で、2人で来た道を引き返したが、ぞの間竹治はずっと無言だった。ときおり
バケツを見たが、魚は揺れる水の中で隅っこに固まっていたな。で、家の近くまで
来て竹治と別れるときに、10歩ほど離れたところで竹治は振り返って、

「さっきなあ、お前釣った場所。前の洪水で軽自動車が流されたとこだぞ。
 まだあそこに沈んでるんだ、赤い車」って言ったんだ。
 

それ聞いたら急に、ゾ~ッと怖い気がしたんだよ。さっき話しただろ。
水の底が赤いような感じがしたって。だけどなあ、まだそのときも、

竹治が悔しまぎれに嘘を言ってるのかもって思ったけどな。
バケツの魚を池に放したら、スーと沈んで見えなくなった。バアサンが出てきて、
「おや早かったねえ、まだ夕食の支度にかかってもいないよ」って言った。
それから俺は家に入って、体中に虫刺されの薬を塗ってたんだよ。
背中にかなり腫れたところが何ヶ所かあった。

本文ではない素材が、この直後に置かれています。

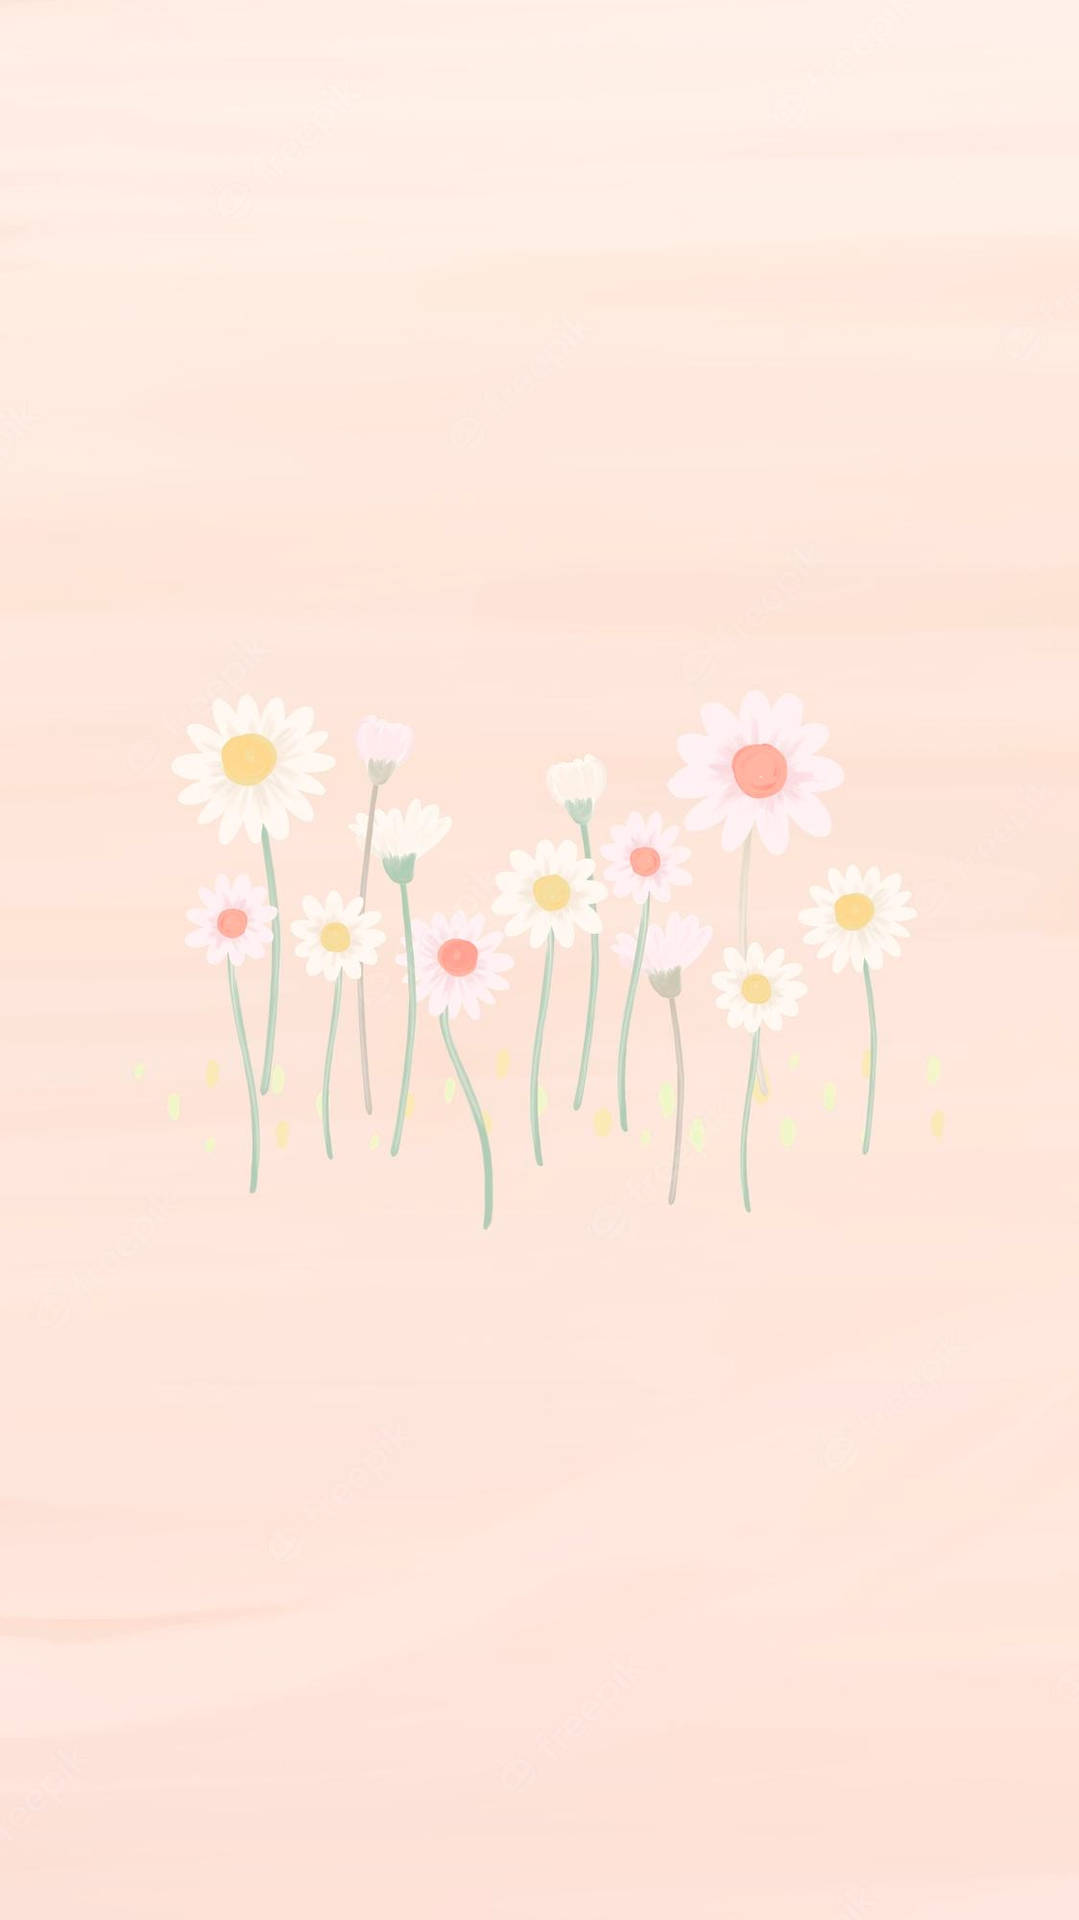 Daisies On A Pink Background Wallpaper
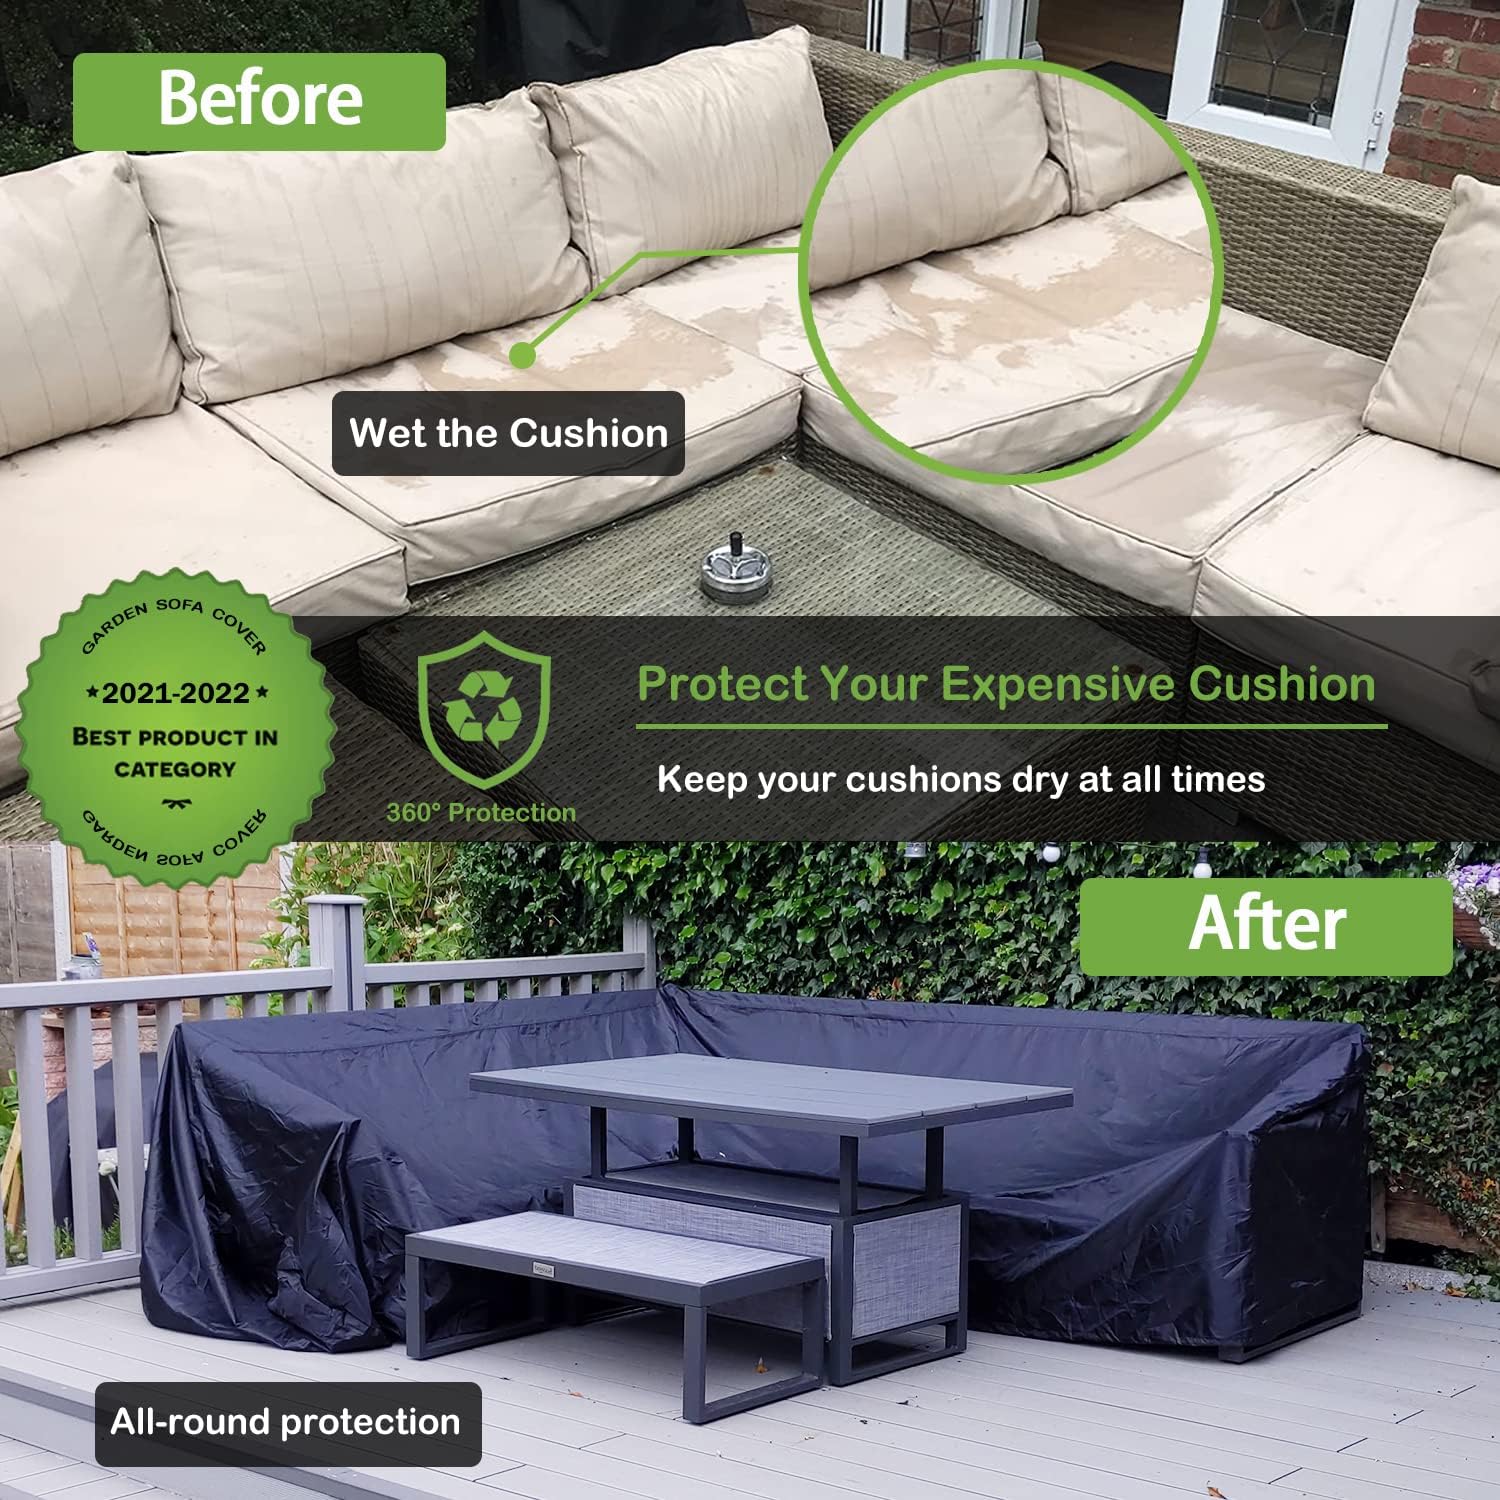 Enzeno Garden L-Shape Furniture Cover Waterproof, 420D Heavy Duty Oxford Fabric Outdoor Rattan Corner Sofa Cover with Waterproof Tape (210Left * 140Right * 75cm)

ボリボリ掻きながら
扇風機にあたってると、庭で「何だあ」というジイサンの声がした。「どしたん?」
出てみると、ジイサンが池から赤い布のかたまりのようなのを拾い上げてた。
土の上に広げてみたら、毛糸のティッシュカバーだったんだよ。あの箱を入れるやつ。

でな、それから3日、俺は虫刺されが化膿して高熱を出して寝込んだんだよ。